Details of the design of the trial and primary and secondary outcomes were published previously.² Briefly, women and men who had at least moderate IC symptoms were randomized to intravesical BCG or intravesical saline (placebo) and received up to 6 treatment instillations during a 6 to 10-week period. The 34-week period following randomization comprised the primary randomized portion of the study. The followup of 34 weeks was chosen to correspond to previous studies of BCG³ and make followup comparable for all patients since the duration of treatment could vary somewhat.

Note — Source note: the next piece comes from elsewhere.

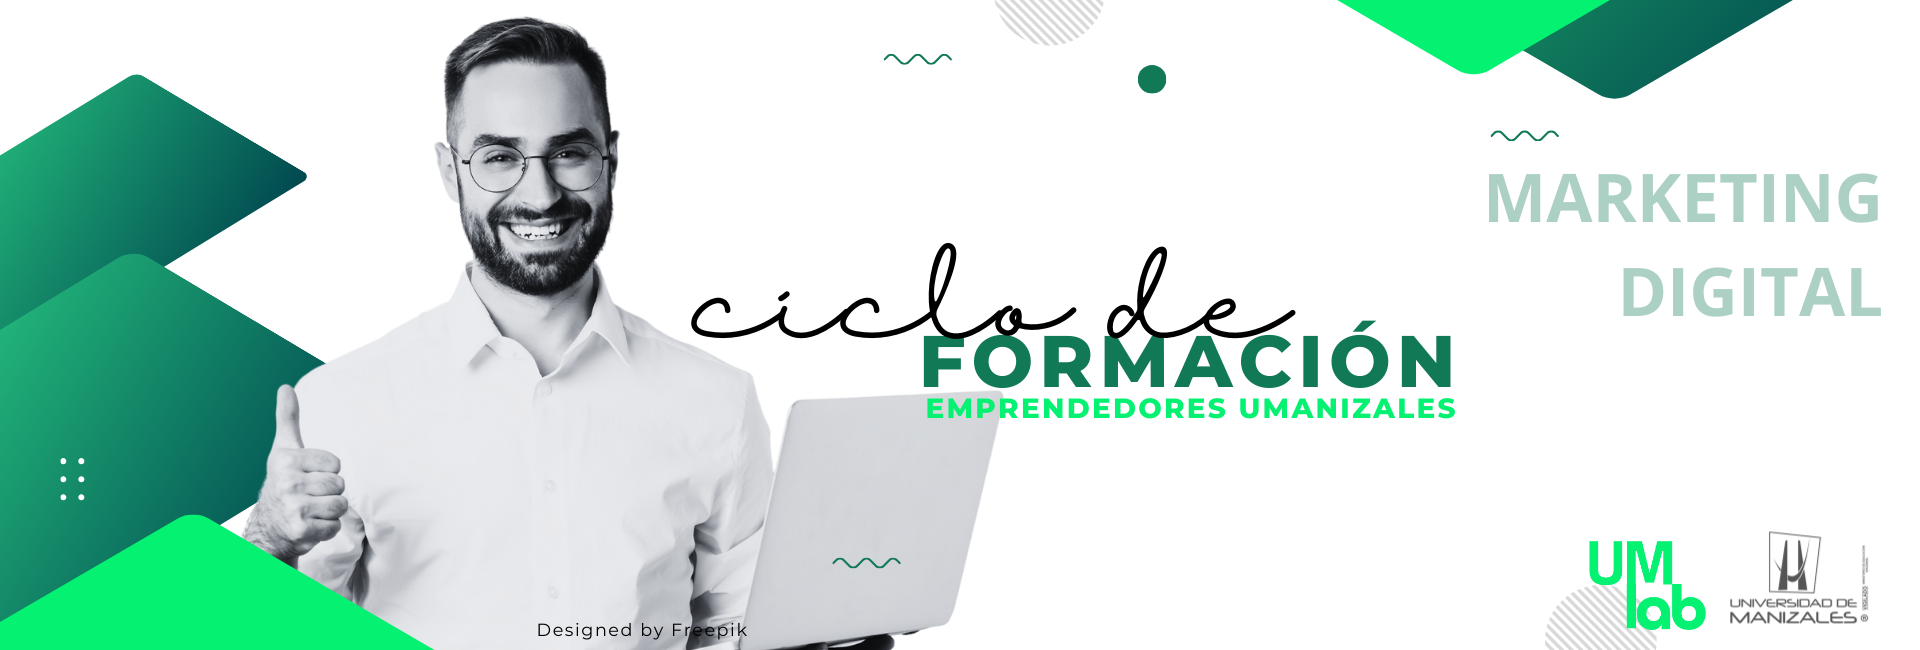 Ciclo de formación emprendedores UManizales. Módulo Marketing Digital

At week 34 participants rated their symptoms compared to baseline on a GRA, a 7-point scale ranging from markedly worse to markedly improved. Patients were classified as responders if they reported moderate or marked improvement on the GRA, as supplemented with information on medication use.² Patients who withdrew from the study without completing the GRA were classified as nonresponders. Responders, who remained blinded to the initial treatment allocation, were invited to participate in followup for an additional 34 weeks. Nonresponders were offered treatment with open label BCG and the results of that study were reported separately. Informed consent was obtained for all participants and the protocol was approved by the institutional review board at each site.

Secondary outcome measures were obtained at baseline, the end of the clinical trial (34 weeks after randomization), the end of the observational phase of the study (68 weeks after randomization) and at select intermediate intervals. The measures were pain and urgency scores, urinary frequency recorded in 24-hour voiding diaries, the University of Wisconsin IC Symptom Inventory,⁴ and the O’Leary-Sant IC Symptom and Problem Indexes.⁵ The GRA was also obtained at week 68. The GRA asked respondents to evaluate symptoms compared to when they started this study and we presumed that participants interpreted this to mean at the time of randomization. Adverse events were not assessed during the observational phase.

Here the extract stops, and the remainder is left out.